To alleviate the impact of inflation on employees, the bill proposes significant updates to tax-free allowances. Non-cash benefits, such as housing allowances, will increase from $276 to $461, while meal allowances will rise from $369 to $461
Gratuity payments will also see an increase, with tax-free limits rising from $1,845 to $2,768. These adjustments are aimed at cushioning employees against the rising cost of living, ensuring that they have a higher standard of living despite inflationary pressures.
Another key component of the reform package is the reclassification of agricultural inputs and raw materials, such as fertilizers and pest control products, to be exempt from tax.
This move is expected to reduce the costs for farmers, who have long faced high input costs that reduce profitability. By lowering the cost of production, the government aims to stabilize food prices and improve food security, benefiting both farmers and consumers alike.
To drive large-scale infrastructure development, the bill proposes tax exemptions for contractors, consultants, and employees involved in grant-funded projects.
This policy is designed to reduce financial barriers for international investors and experts working on crucial infrastructure projects.
By removing the tax burdens on these partnerships, the government hopes to attract more foreign investment, which is essential for meeting Kenya’s infrastructure needs.
With Kenya’s credit market currently constrained, Mbadi highlights recent interest rate reductions as a positive development that should ease access to credit for both businesses and households.
Lower interest rates are expected to stimulate private-sector borrowing, which had previously been limited due to high borrowing costs. This shift is anticipated to promote business growth, investment, and overall economic activity.

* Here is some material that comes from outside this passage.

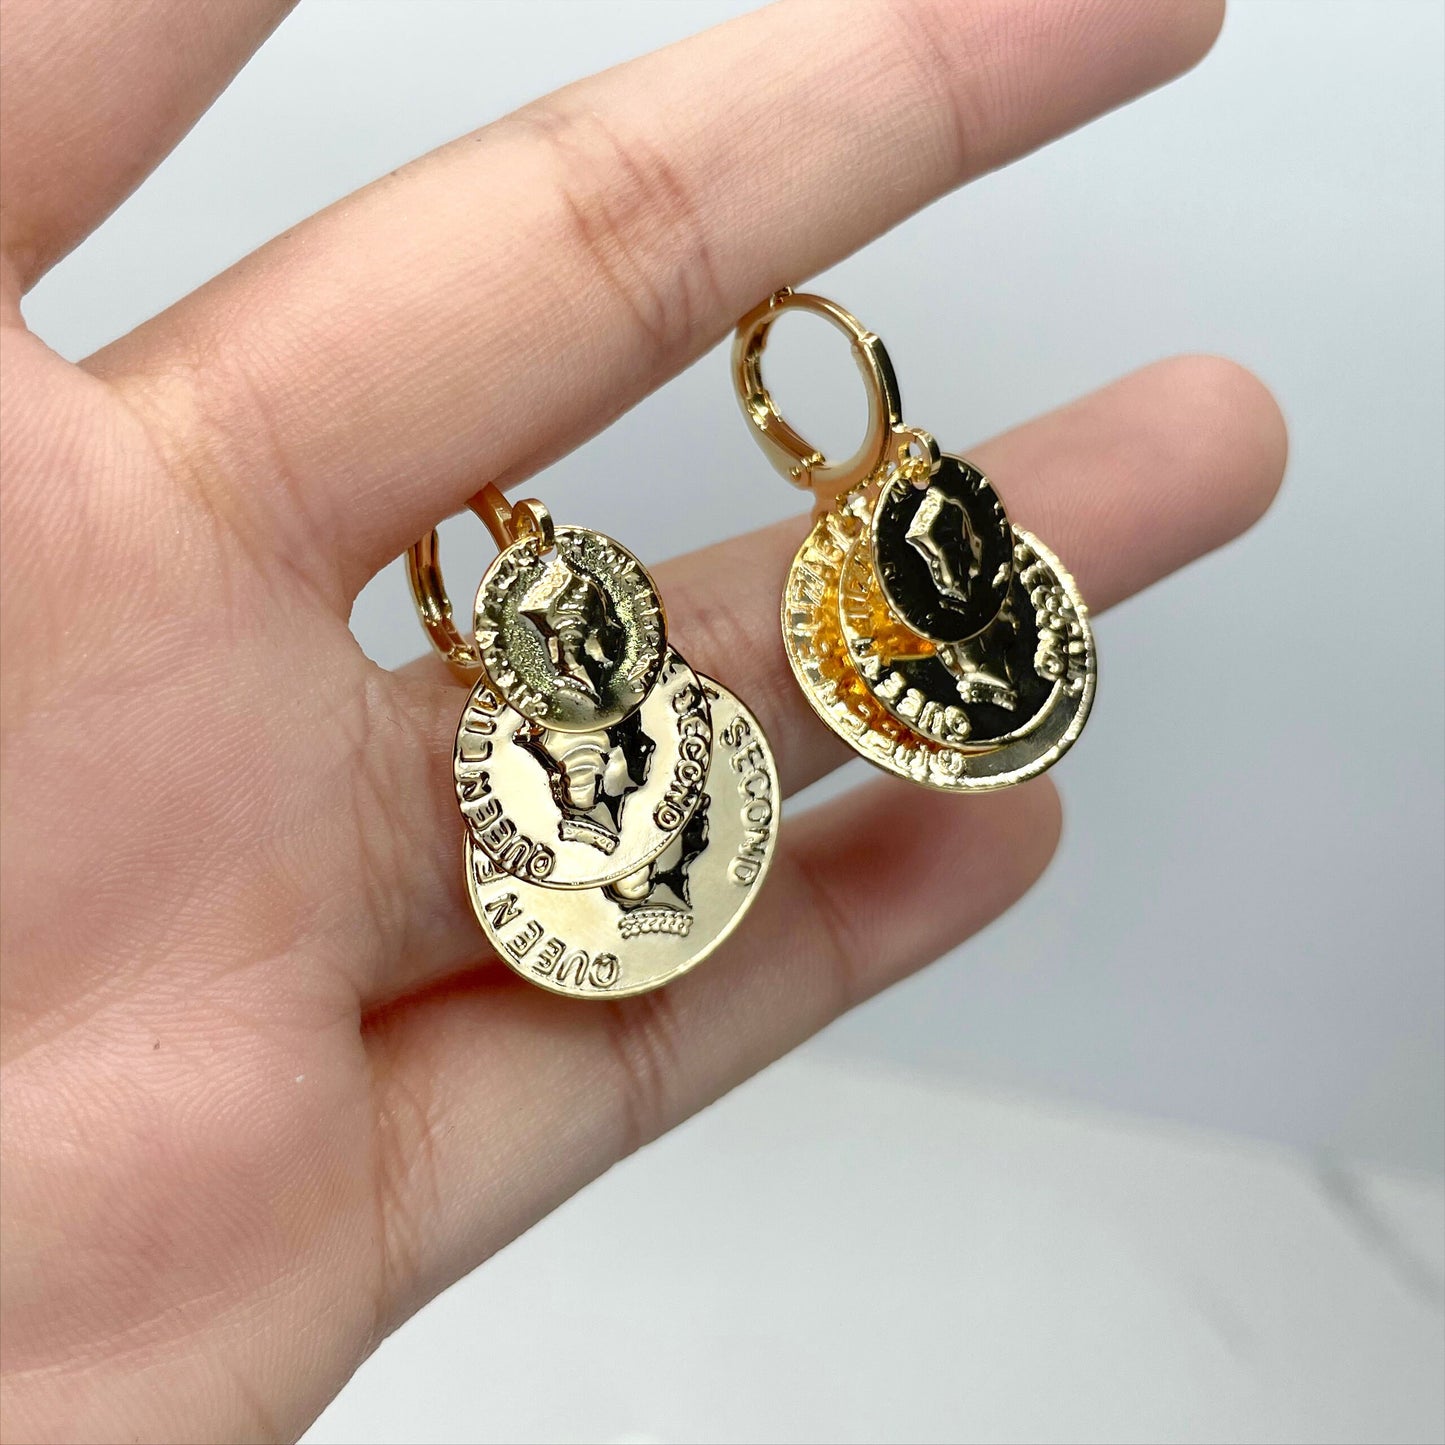 18k Gold Filled Three Layers Coins, The Second Queen Elizabeth, Woman Crown, Dangle Earrings, Wholesale Jewelry Making Supplies

To combat corruption and wasteful government spending, the Bill introduces measures like e-procurement and zero-based budgeting, which require each department to justify its budget requests thoroughly.
This approach ensures that public funds are spent effectively and that taxpayers’ money is used responsibly within a financial year. As Kenya faces budgetary constraints, Mbadi has also championed the use of Public-Private Partnerships (PPPs) to fund large-scale infrastructure projects.
Despite public concerns over private sector involvement, Mbadi argues that PPPs are necessary to finance major initiatives that Kenya cannot afford to undertake alone, such as expanding Jomo Kenyatta International Airport and improving transportation infrastructure.
The Tax Laws (Amendment) Bill 2024, if passed, promises to provide much-needed financial relief to Kenyans, support local businesses, and attract foreign investment.
By implementing these reforms, the government aims to create a more balanced tax system, reduce reliance on foreign loans, and boost economic resilience. The proposed changes reflect a forward-looking vision for Kenya’s economic future—one focused on growth, transparency, and sustainability.